Wir haben uns natürlich immer bemüht, möglichst viele Regisseur*innen, Kameraleute, Darsteller*innen in die Kinos zu bringen. Das ist für das Publikum großartig. Aber es ist auch für uns selbst eine beglückende Erfahrung, wenn man mit diesen Gästen ins Kino geht und der Saal proppenvoll ist. Denn das ist auch für jene, die an dem Film beteiligt waren, eine wunderbare Erfahrung. Manchmal bringen Gäste ihre ganzen Teams mit. Wir haben da schon sehr große Versammlungen gehabt! Ja, das ist neu für die Retrospektive. Die ist lebendiger geworden. Das schätzen wir sehr!

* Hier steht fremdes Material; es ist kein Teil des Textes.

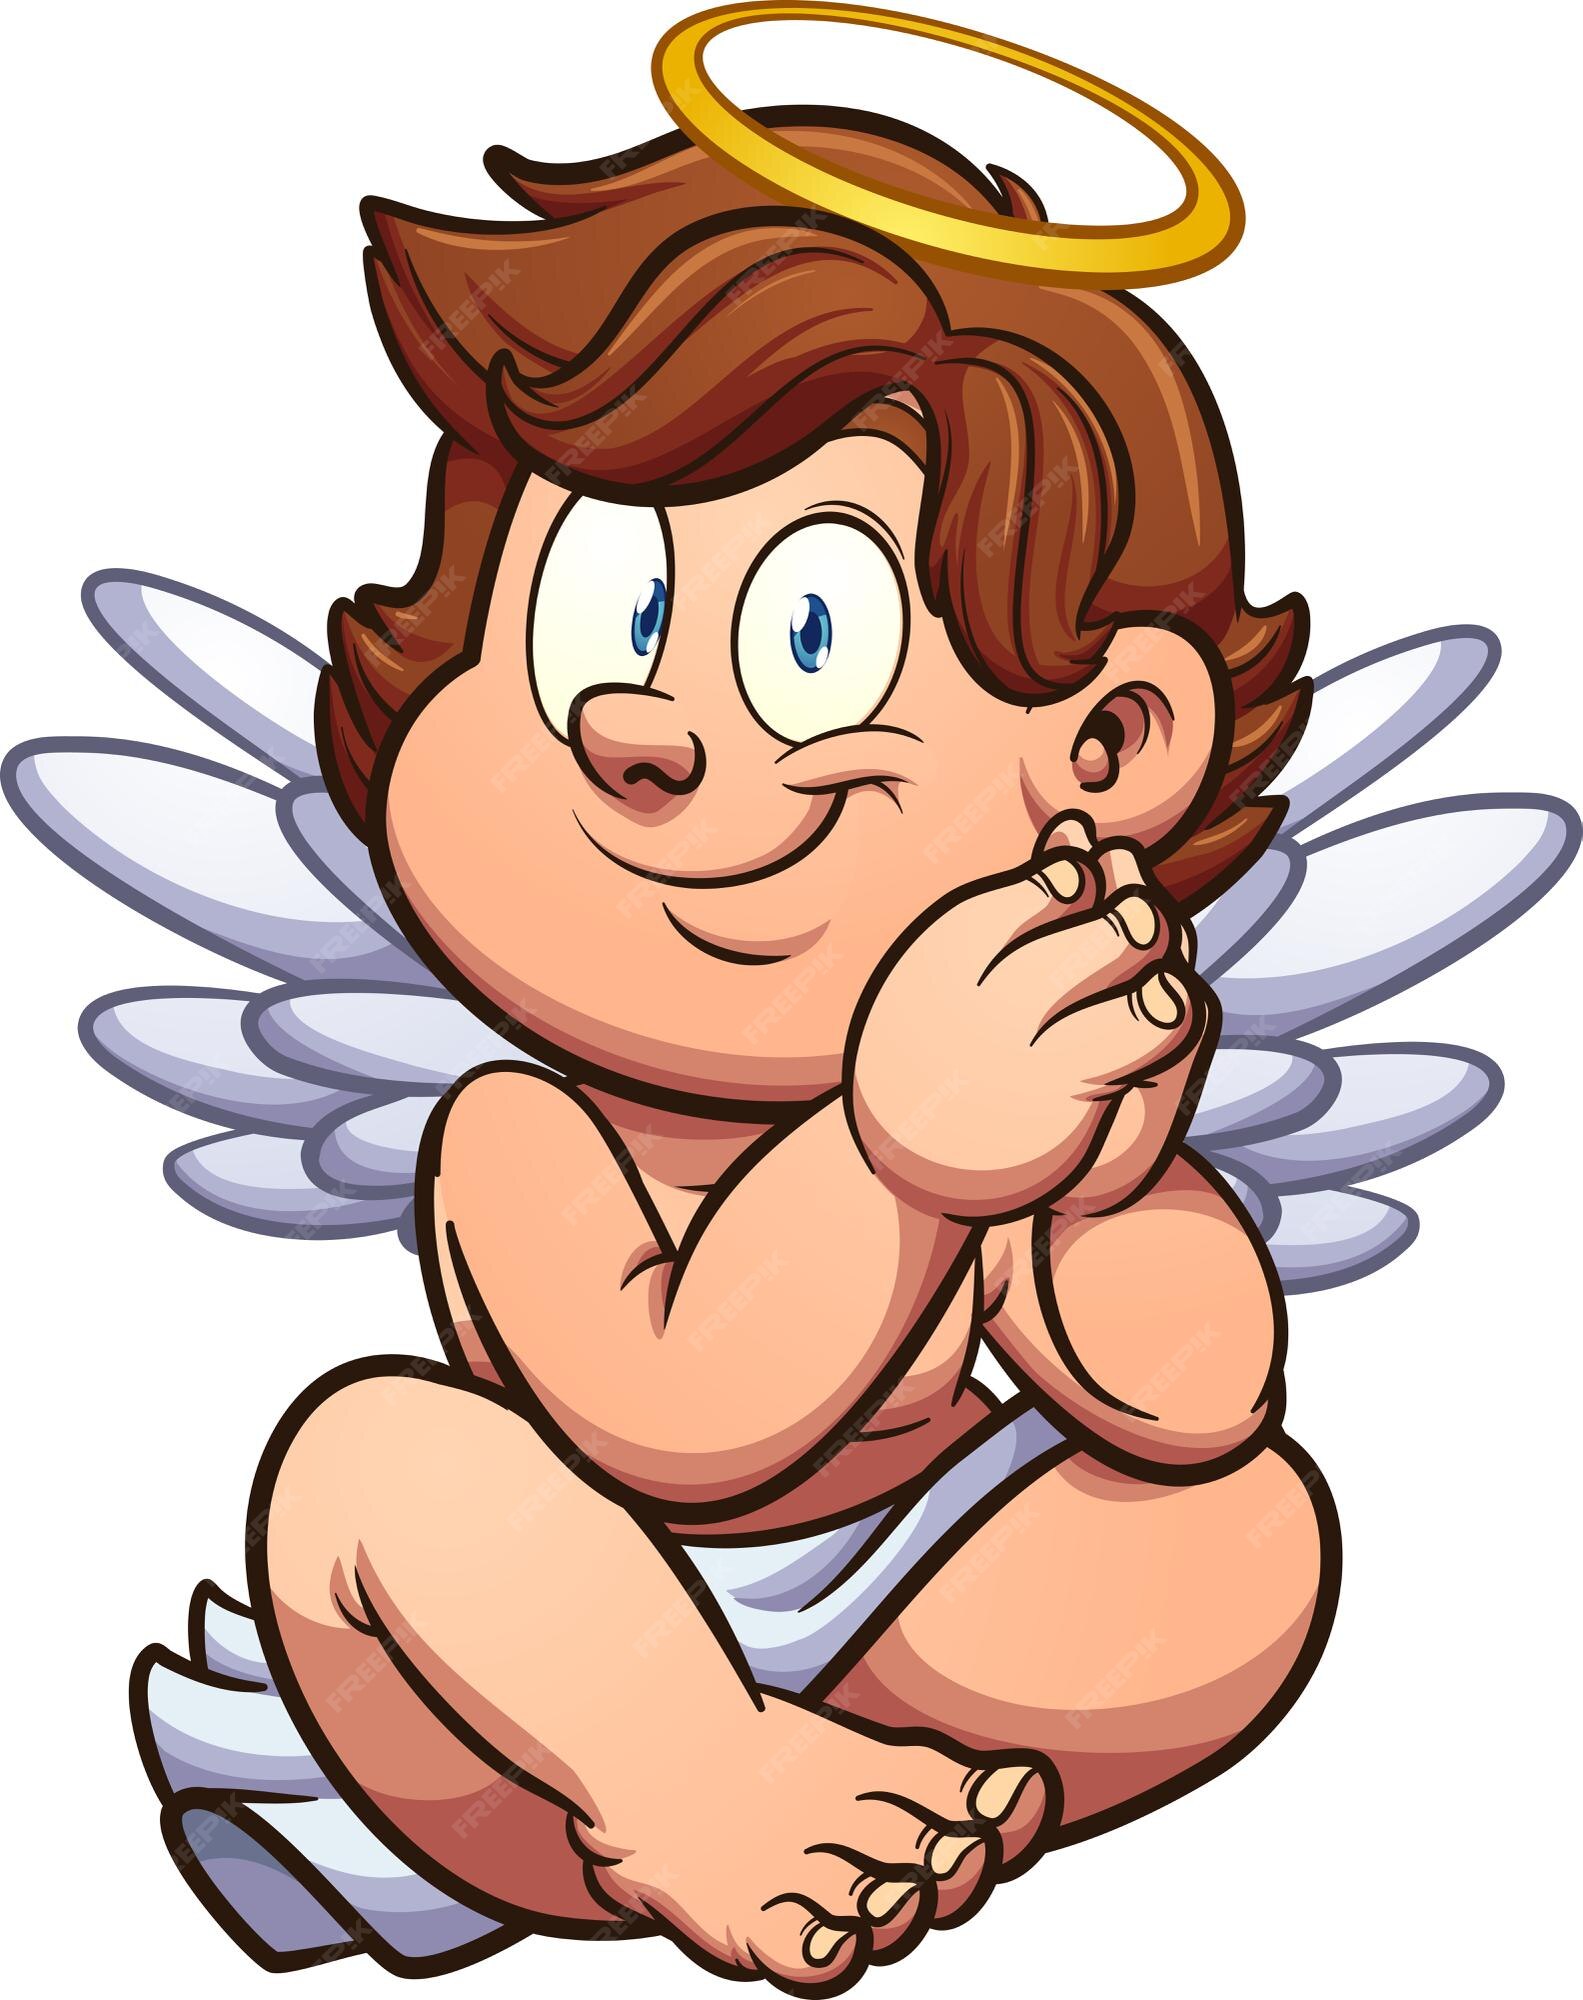 Premium Vector | Cute cartoon angel or cherub sitting down

Dank digitaler Restaurierungen kommen zurzeit zahlreiche alte Filme neu auf den Markt, was sich in den „Classics“-Reihen internationaler Festivals – auch der Berlinale – widerspiegelt. Sind sie die Retrospektiven der Zukunft?
Ich hoffe sehr, dass das nicht der Fall ist! Die Entwicklung der Digitalisierung und Restaurierung wollen wir bei der Berlinale natürlich abbilden, das sind wir der filmhistorischen Tradition des Festivals schuldig und das hat sich auch sehr gut entwickelt. Die filmhistorische Tradition der Berlinale ist jedoch wirklich eine, was die A-Festivals angeht, einzigartige – eine kuratierte Reihe, und das unterscheidet sie von den Berlinale Classics. Die Berlinale Classics sind eine Auswahl aus Einreichungen, die wir aus aller Welt erhalten, während die Retrospektive eine bewusste Entscheidung für ein Thema, eine Periode, ein persönliches Werk ist. Dies ermöglicht einen anderen Blick auf die Filmgeschichte. Da die Berlinale seit langem das einzige A-Festival ist, das dies kontinuierlich leistet und mit diesem „Blick“ zuletzt über 23.000 Zuschauer*innen erreicht hat, hoffe ich, dass wir mit einem verbesserten Budget in der Zukunft auch wieder über 15 Filme hinauskommen.
Das ist Ihrer Nachfolgerin sehr zu wünschen! Was wünschen Sie ihr noch?
Heleen Gerritsen wird sicher eigene Ideen in die Retrospektive einbringen. Ich wünsche ihr, dass sie genauso viel Freude an der Zusammenarbeit mit dem Team hat wie ich.